[Task requirements] Set the data down again, exactly as it reads, but without the pictures.

[The data]

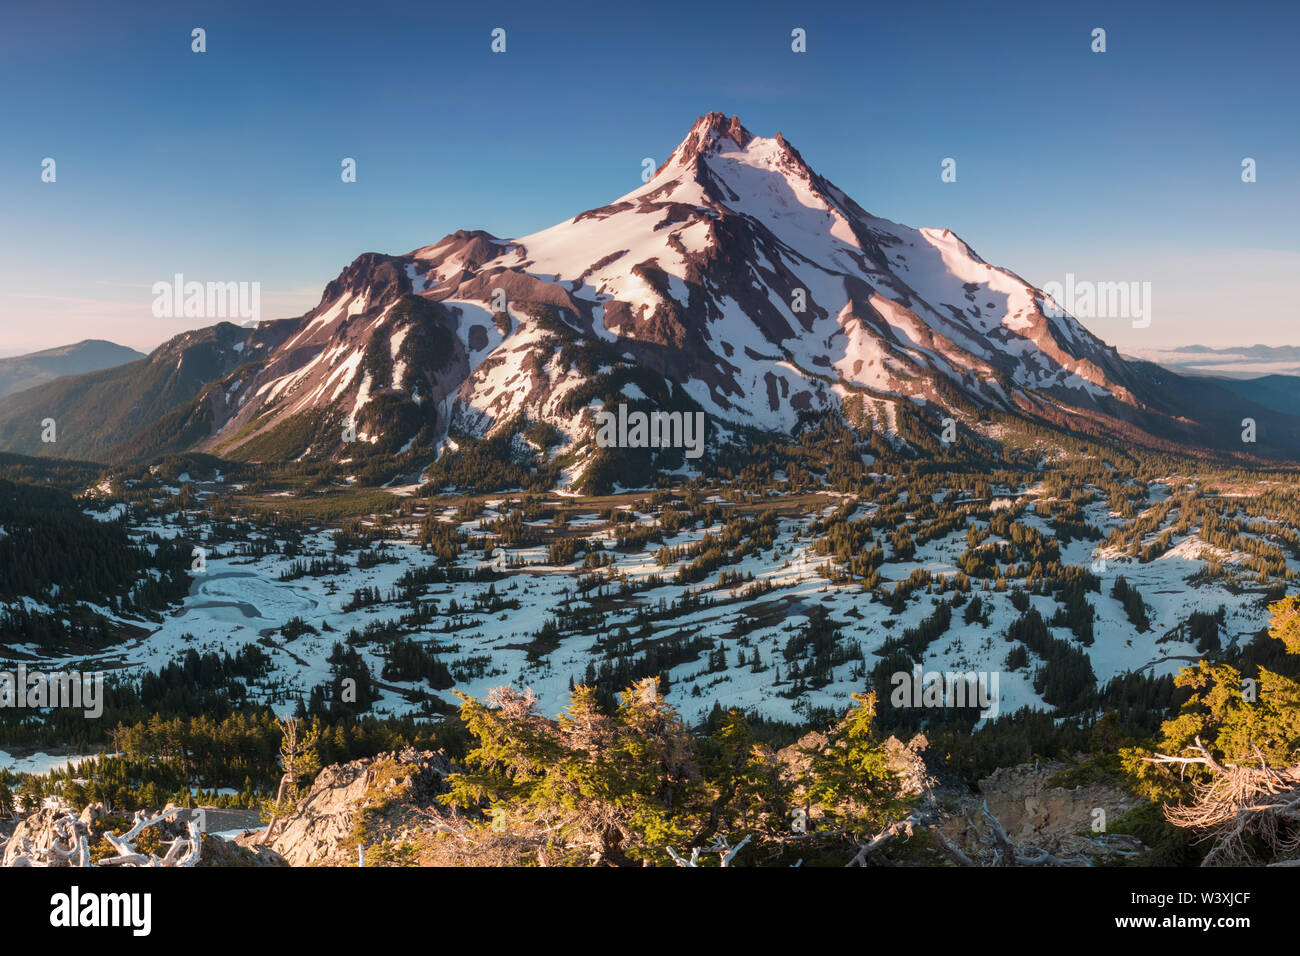 Mit einer Höhe von 10,492 Metern ist Mt Jefferson der zweithöchste Berg von Oregon.Mount Jefferson Wilderness Area, Oregon die schneebedeckte zentrale Oregon Cascade Stockfoto
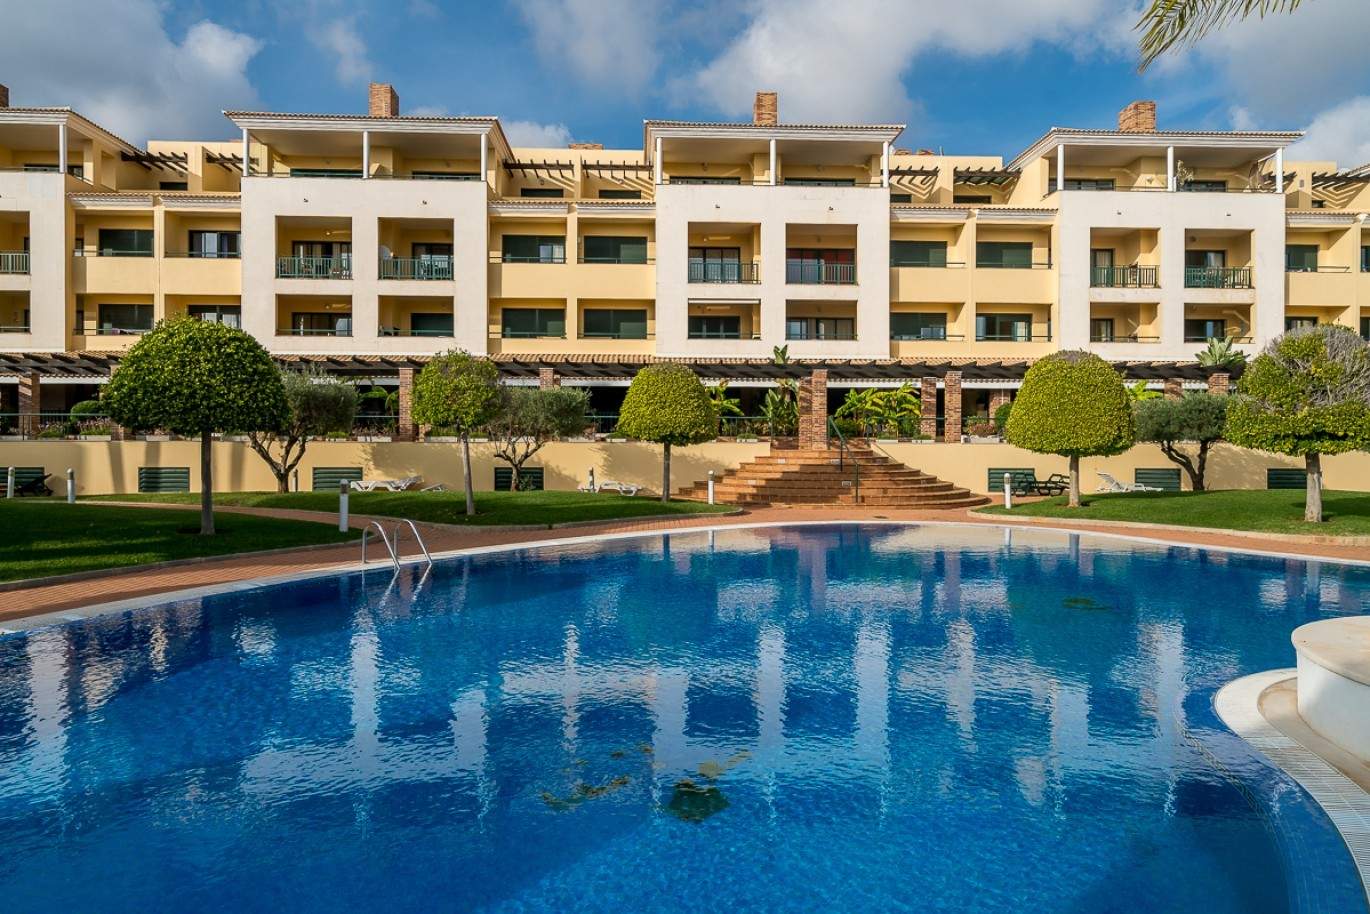 Venda de apartamento com piscina em Vilamoura, Algarve_87869
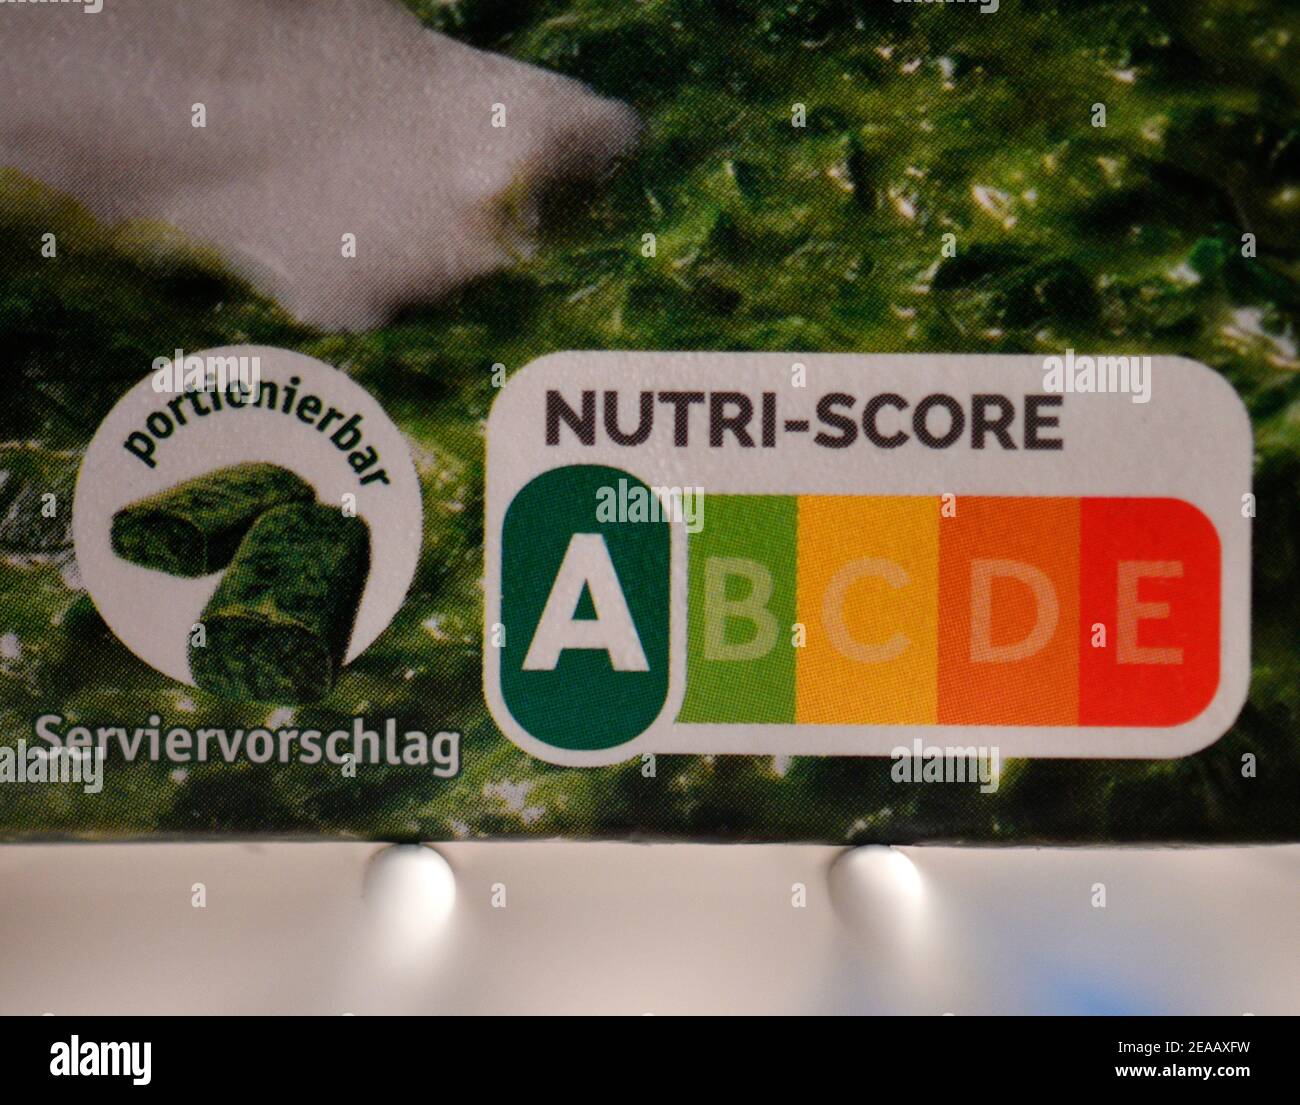 Label NUTRI-SCORE, Nährwertkennzeichnungssystem, deutschlandweite Einführung ab November 2020, hier auf einer Packung Rahmspinat aus Iglo, Baden-Württemberg, Deutschland Stockfoto
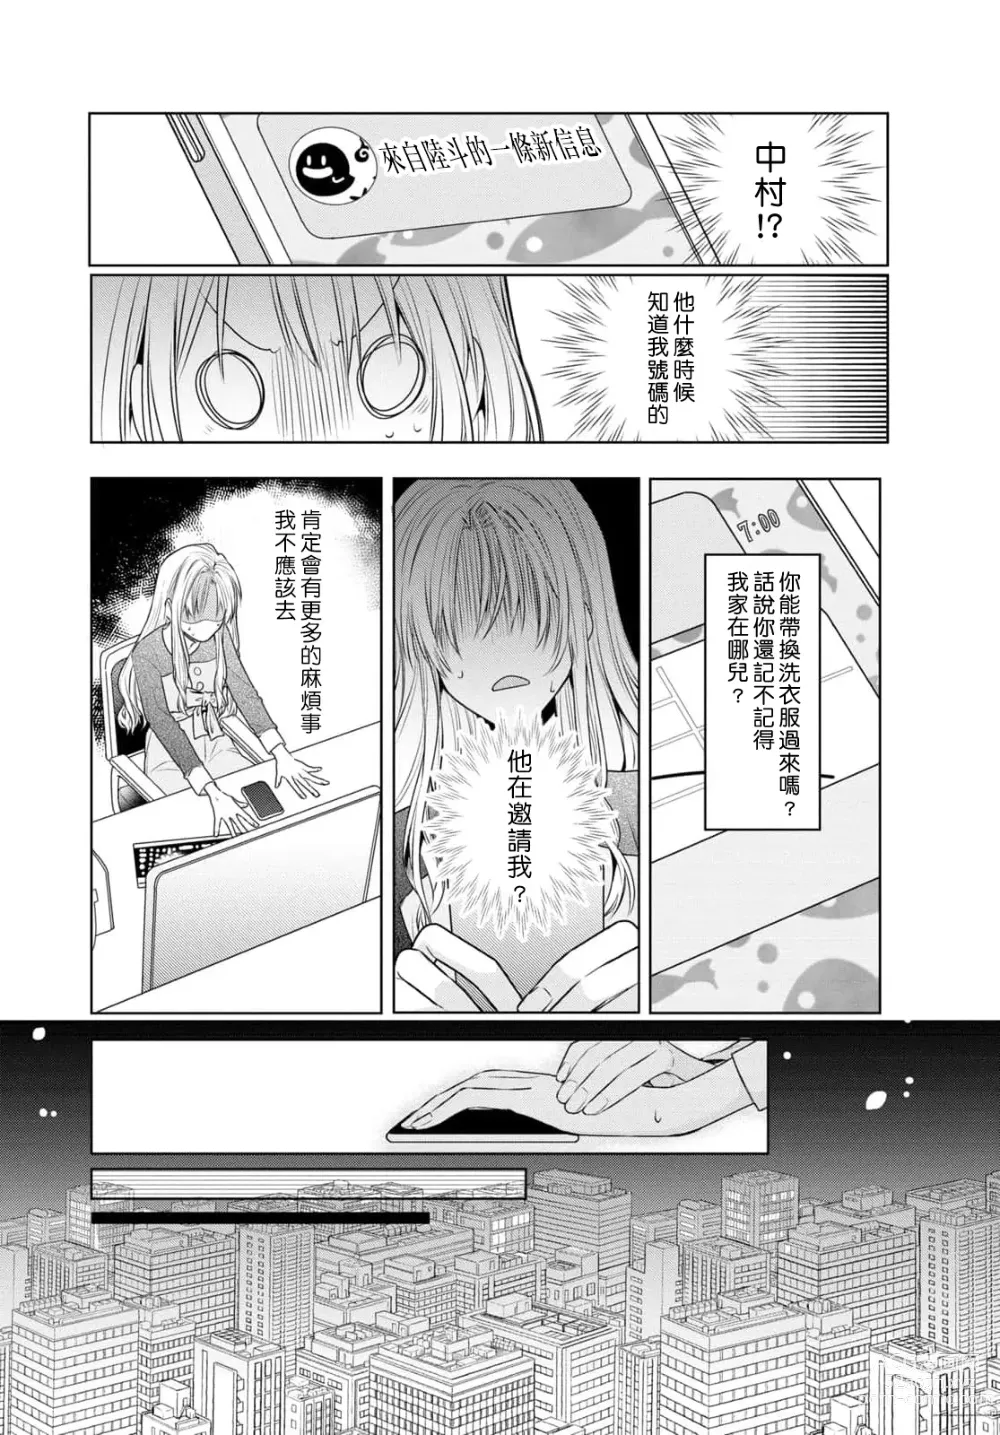 Page 22 of manga 过剩爱情让我今晚也体内高潮！？试婚夫妻的甜蜜情事 1-3

[Task answer]
 Mit einer Höhe von 10,492 Metern ist Mt Jefferson der zweithöchste Berg von Oregon.Mount Jefferson Wilderness Area, Oregon die schneebedeckte zentrale Oregon Cascade Stockfoto
 Venda de apartamento com piscina em Vilamoura, Algarve_87869
 Label NUTRI-SCORE, Nährwertkennzeichnungssystem, deutschlandweite Einführung ab November 2020, hier auf einer Packung Rahmspinat aus Iglo, Baden-Württemberg, Deutschland Stockfoto
 Page 22 of manga 过剩爱情让我今晚也体内高潮！？试婚夫妻的甜蜜情事 1-3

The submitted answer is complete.